So it comes to an end, for the season, and for guys like Seth Kinker, Kyle Michalik, Adam Niemeyer, Noah McGowan, Bo Coolen, Tyler Cowles, Curtiss Irving, Yianni Pavlopoulos and Austin Woodby…all seniors.
And it comes to a likely end for junior Ryan Feltner, projected to be someone’s priority in next week’s major league draft; and junior Connor Curlis is a candidate in that regard, as well.
Depending on what happens with Feltner and Curlis, it leaves as many as eleven huge holes to fill for 2019.
But in summation, it says even more about the coaching job of Greg Beals…who flipped this same group from 22-34 a year ago to 36 and 24 this year and that second NCAA appearance in three seasons. And lest you think that’s easy…ask Michigan and Illinois, two presumptive favorites to make the national ‘dance’ entering the Big Ten Tournament.

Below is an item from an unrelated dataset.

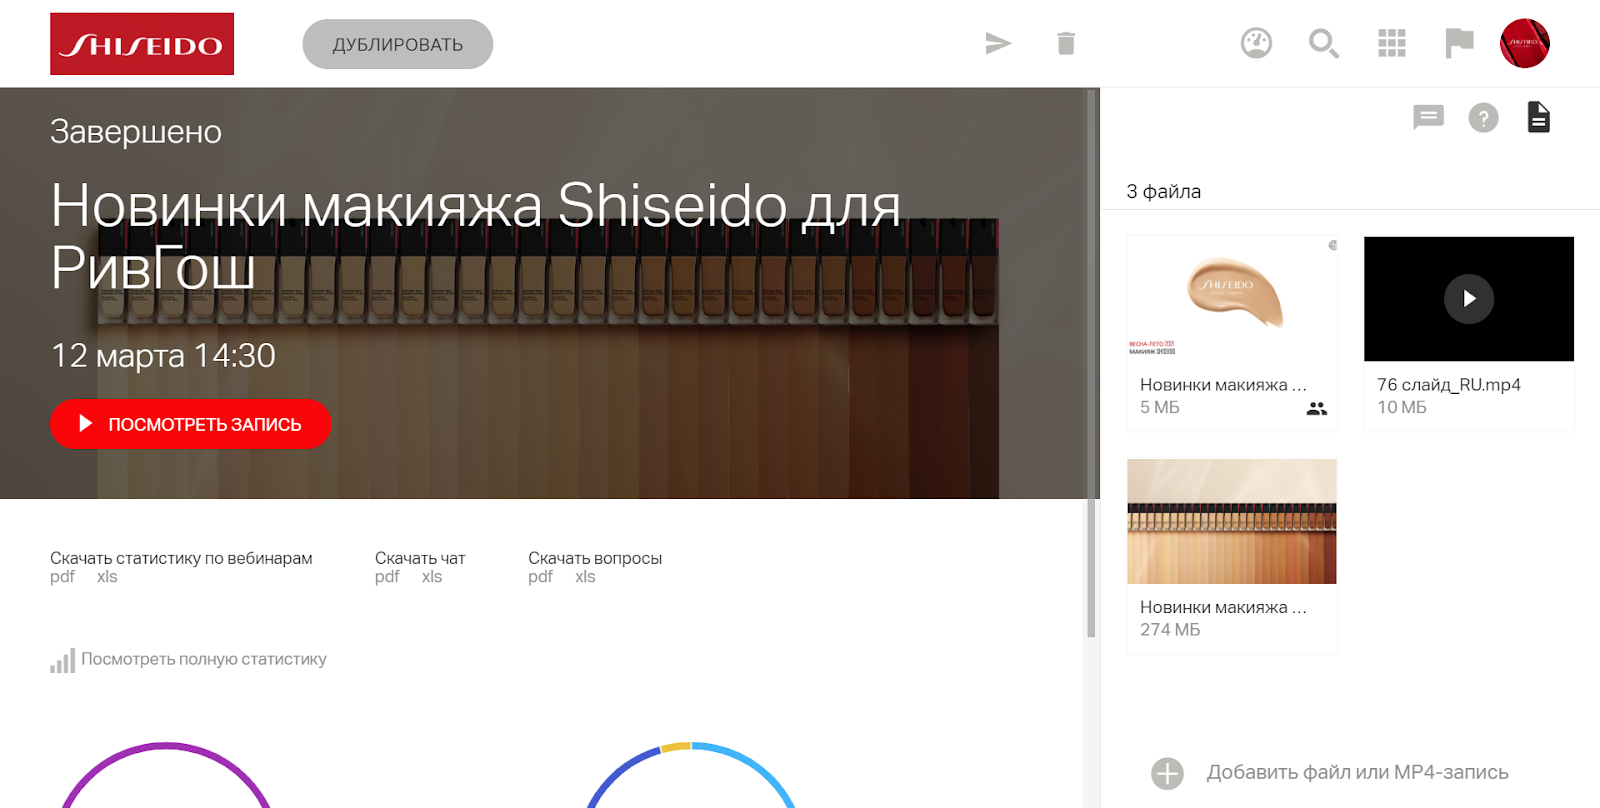 mediacontent_sheseido

In the days of the old Brooklyn Dodgers there were a lot of days the likes of what happened to the Buckeyes here this weekend. The cry each October from the fans in ‘Flatbush’ was, “Wait ’til next year.” Which, by the way, is the necessary mode of operation for nearly every coach in college baseball.
But the Dodgers in those days had Duke Snider, PeeWee Reese, Roy Campanella, Jackie Robinson, Don Newcombe and Carl Erskine. Greg Beals has no such luxury.
And yet still, he and the Buckeyes move on…they’ll find a way. They have for two of the last three years.
Just wait ’til next year!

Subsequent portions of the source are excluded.